## Supplied data

■ ■ ■ ■

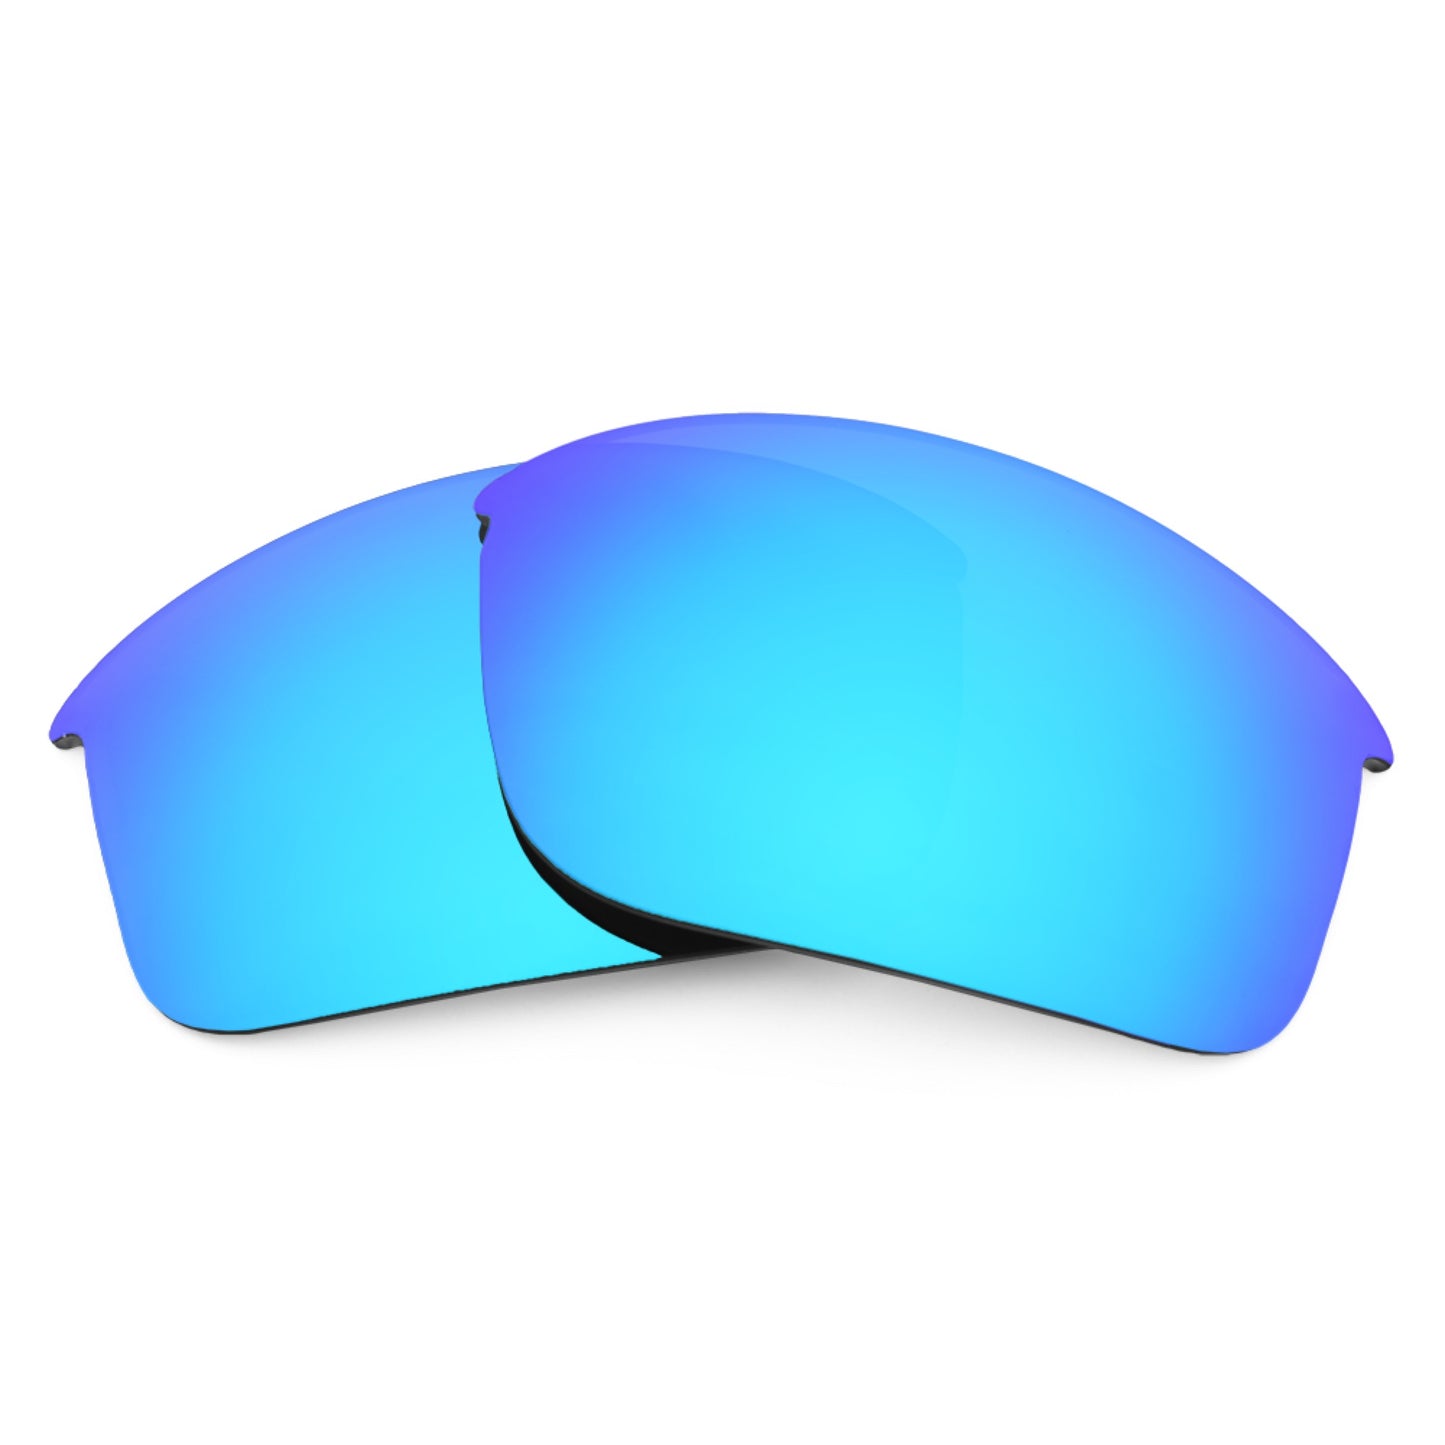 Revant replacement lenses for Oakley Sliver Edge (Low Bridge Fit) Elite Polarized Ice Blue
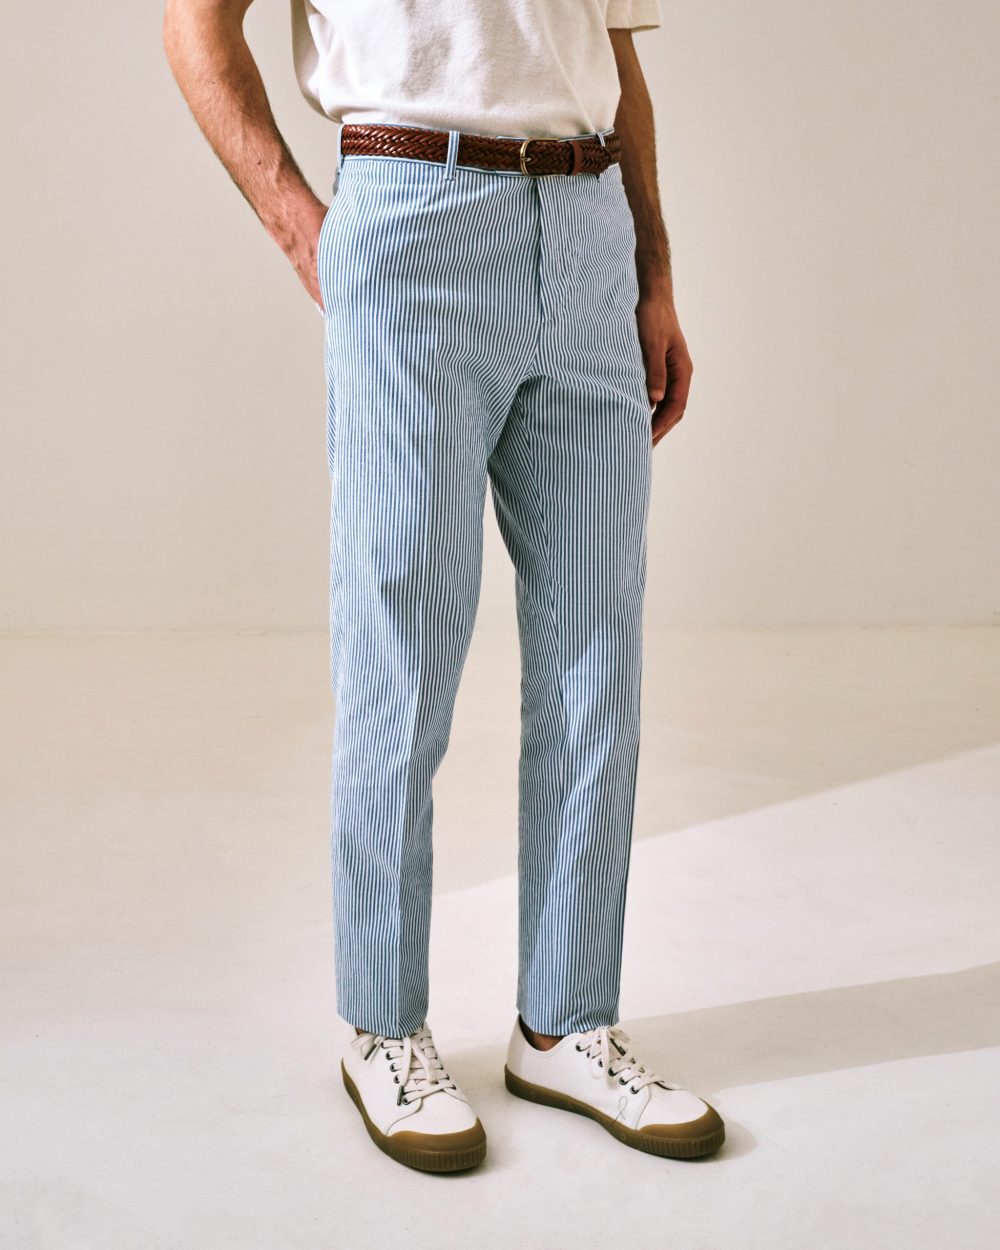 S2 Classic Cut Trousers / Seersucker
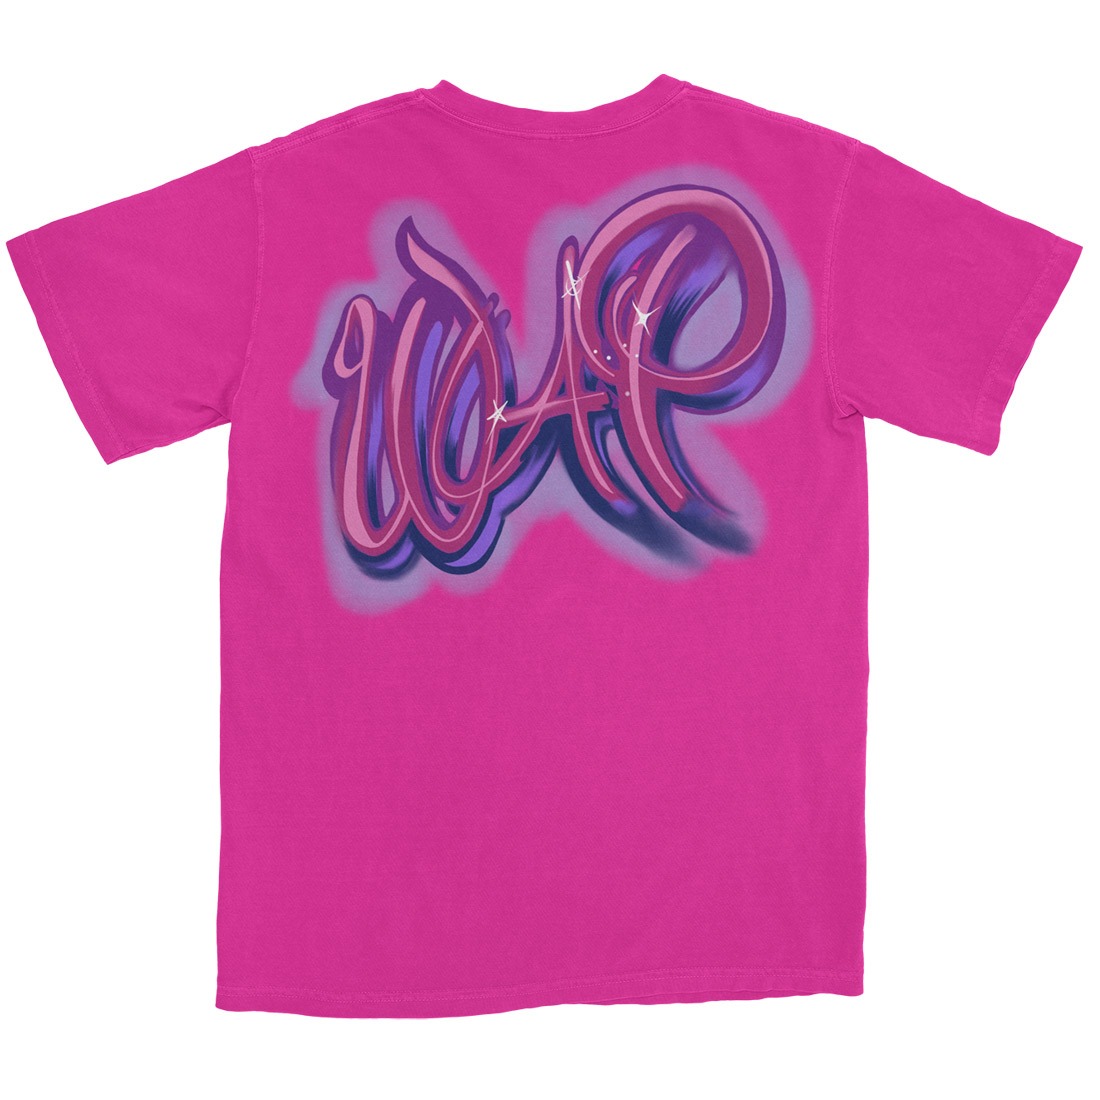 WAP Air Brush T-Shirt (Pink)

■ ■ ■ ■

## What you have to do
Reproduce the whole listing verbatim and keep all pictures out of it.

## Response area
 Revant replacement lenses for Oakley Sliver Edge (Low Bridge Fit) Elite Polarized Ice Blue
 S2 Classic Cut Trousers / Seersucker
 WAP Air Brush T-Shirt (Pink)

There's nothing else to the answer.